● **What is required**
Every line of the listing belongs in your answer exactly as written; the images do not.

● **Material provided**
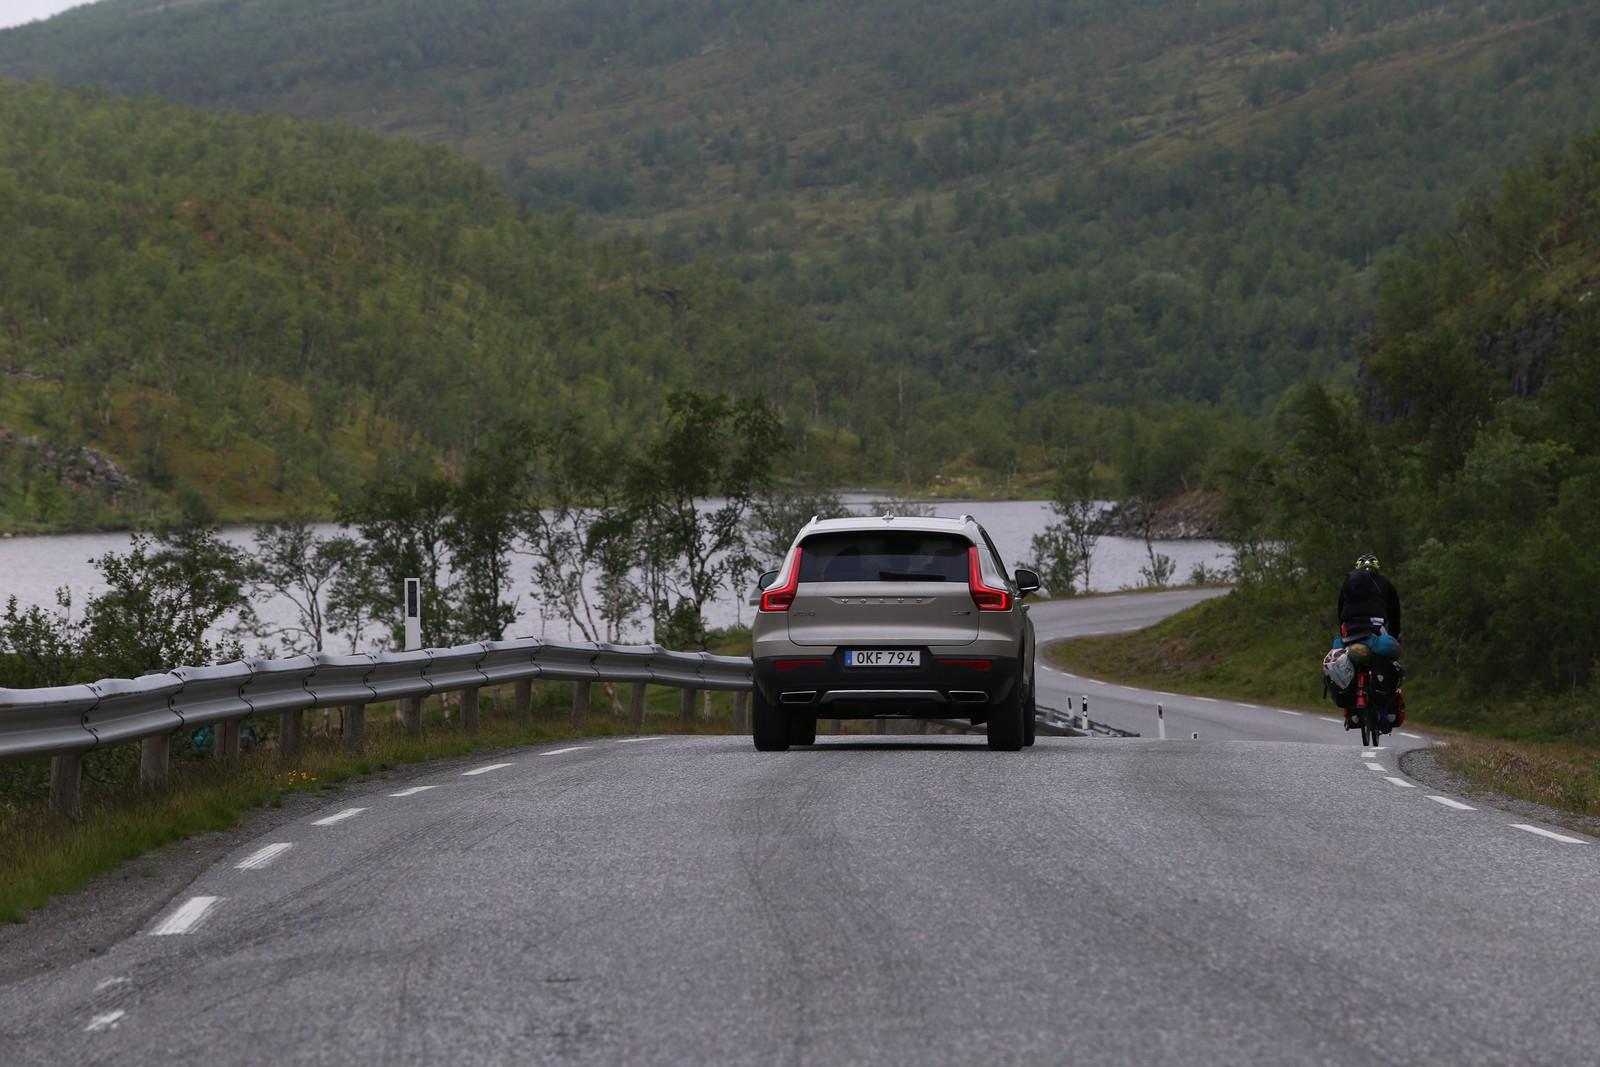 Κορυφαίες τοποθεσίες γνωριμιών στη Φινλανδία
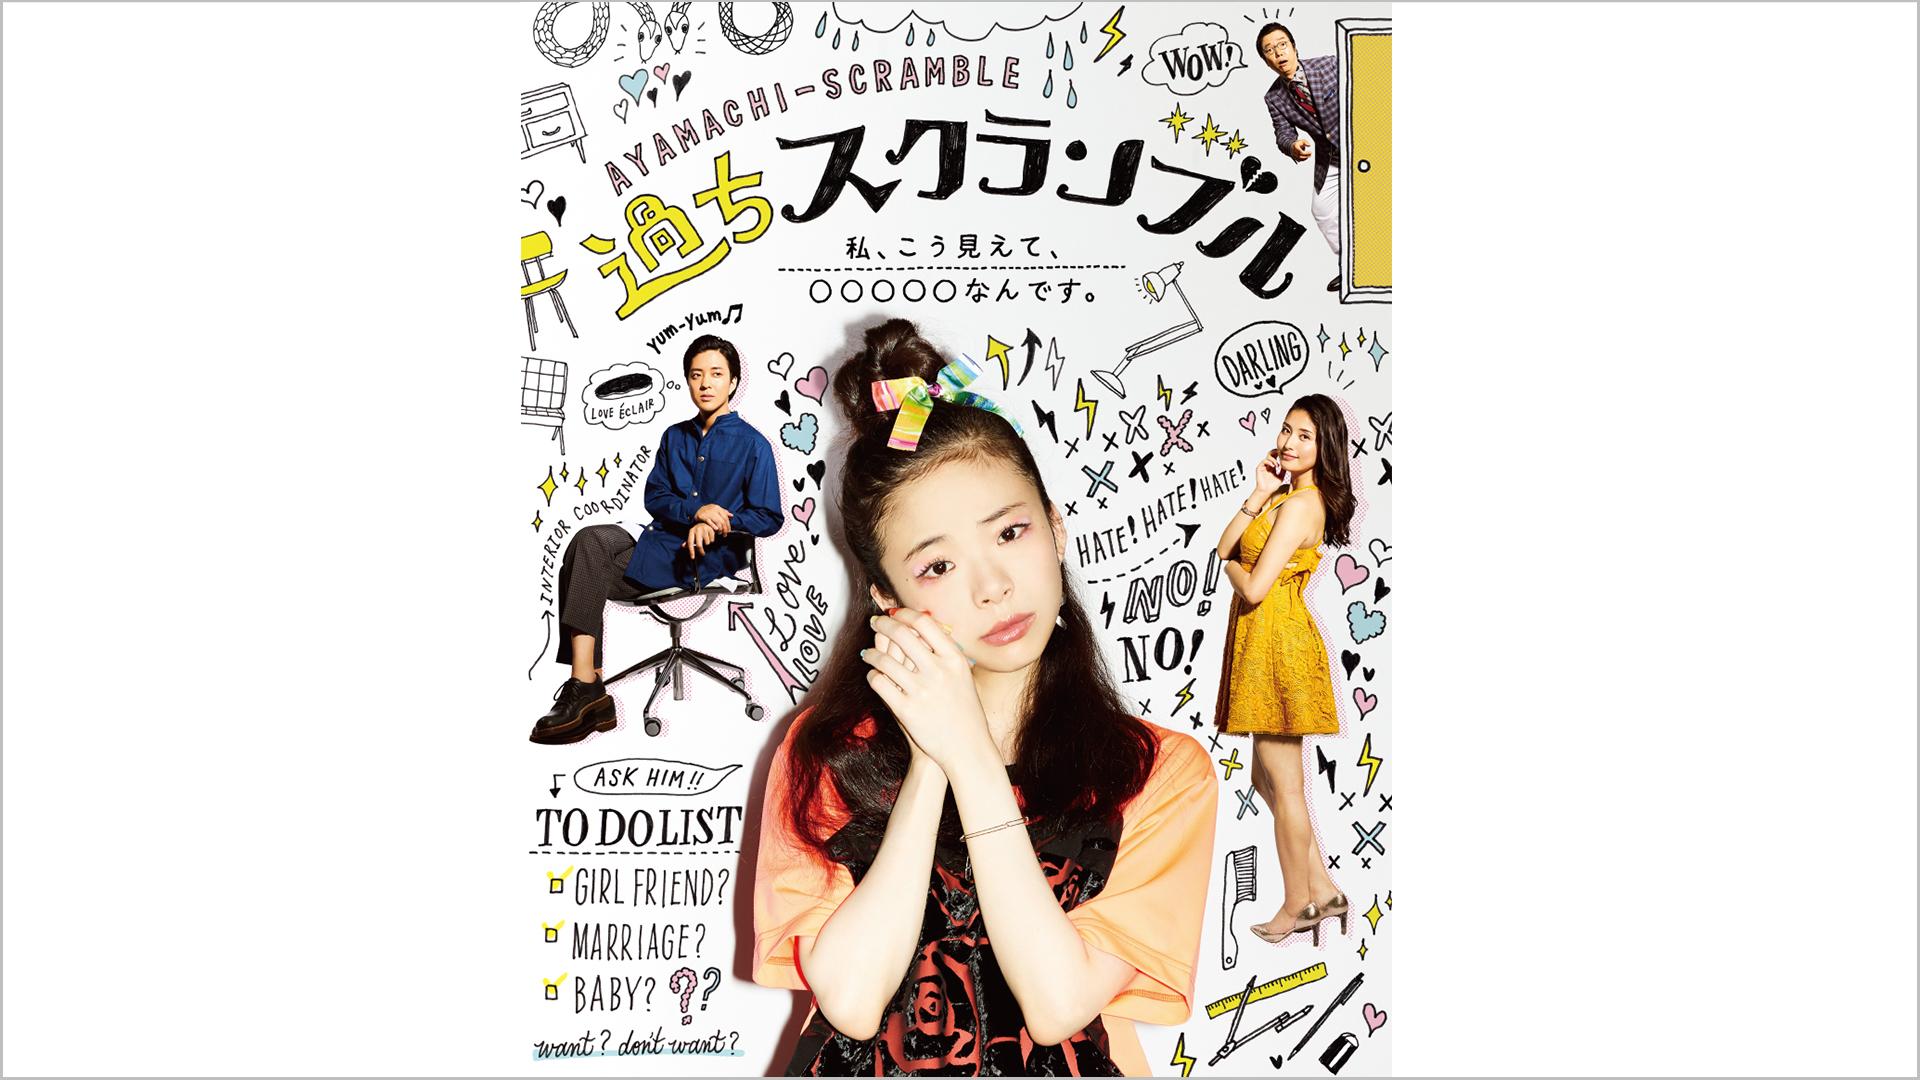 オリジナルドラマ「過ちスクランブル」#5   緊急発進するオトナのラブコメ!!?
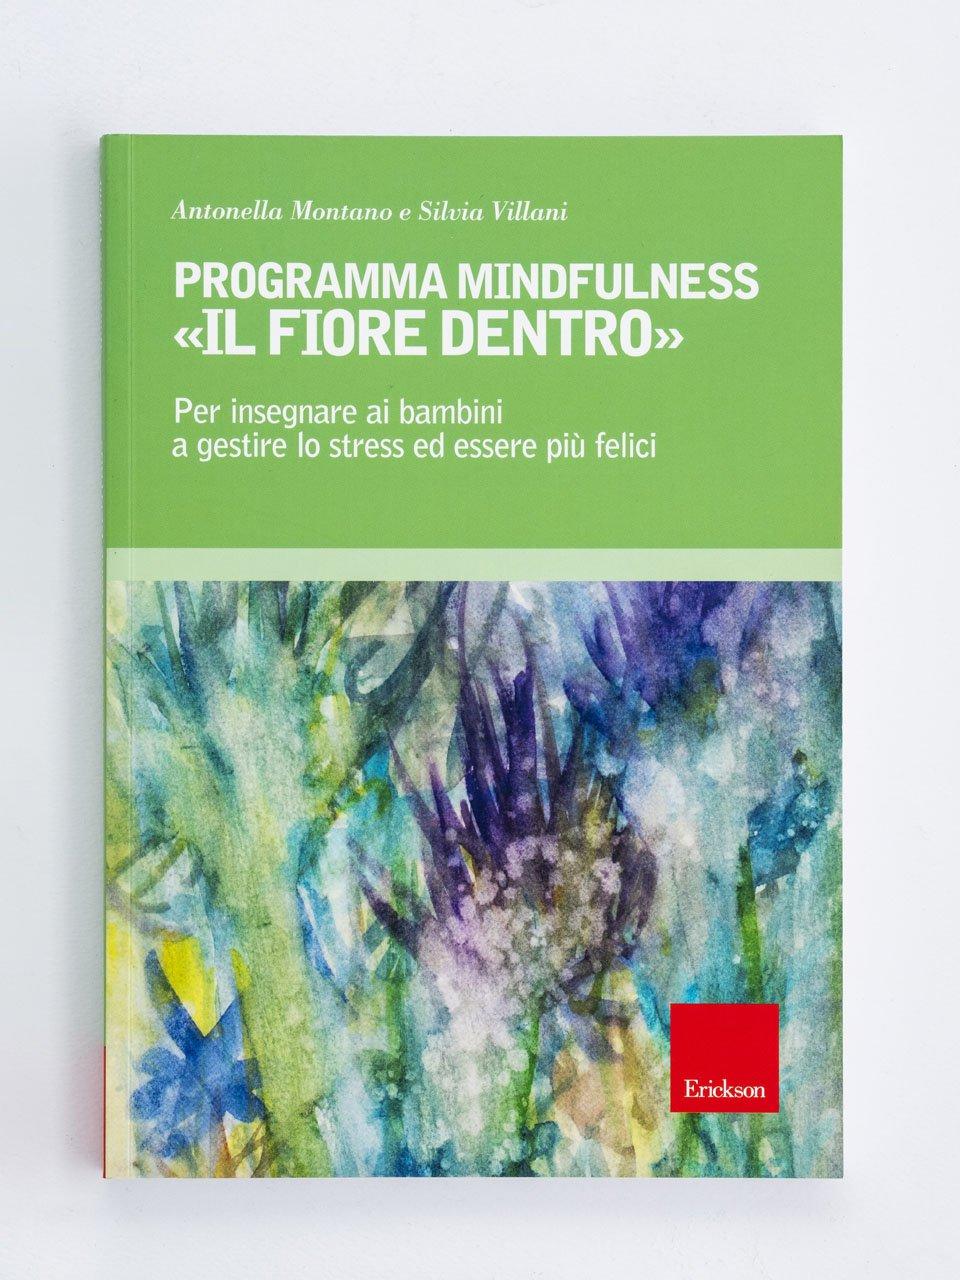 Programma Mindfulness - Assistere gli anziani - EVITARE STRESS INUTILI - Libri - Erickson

● **Result**
 Κορυφαίες τοποθεσίες γνωριμιών στη Φινλανδία
 オリジナルドラマ「過ちスクランブル」#5   緊急発進するオトナのラブコメ!!?
 Programma Mindfulness - Assistere gli anziani - EVITARE STRESS INUTILI - Libri - Erickson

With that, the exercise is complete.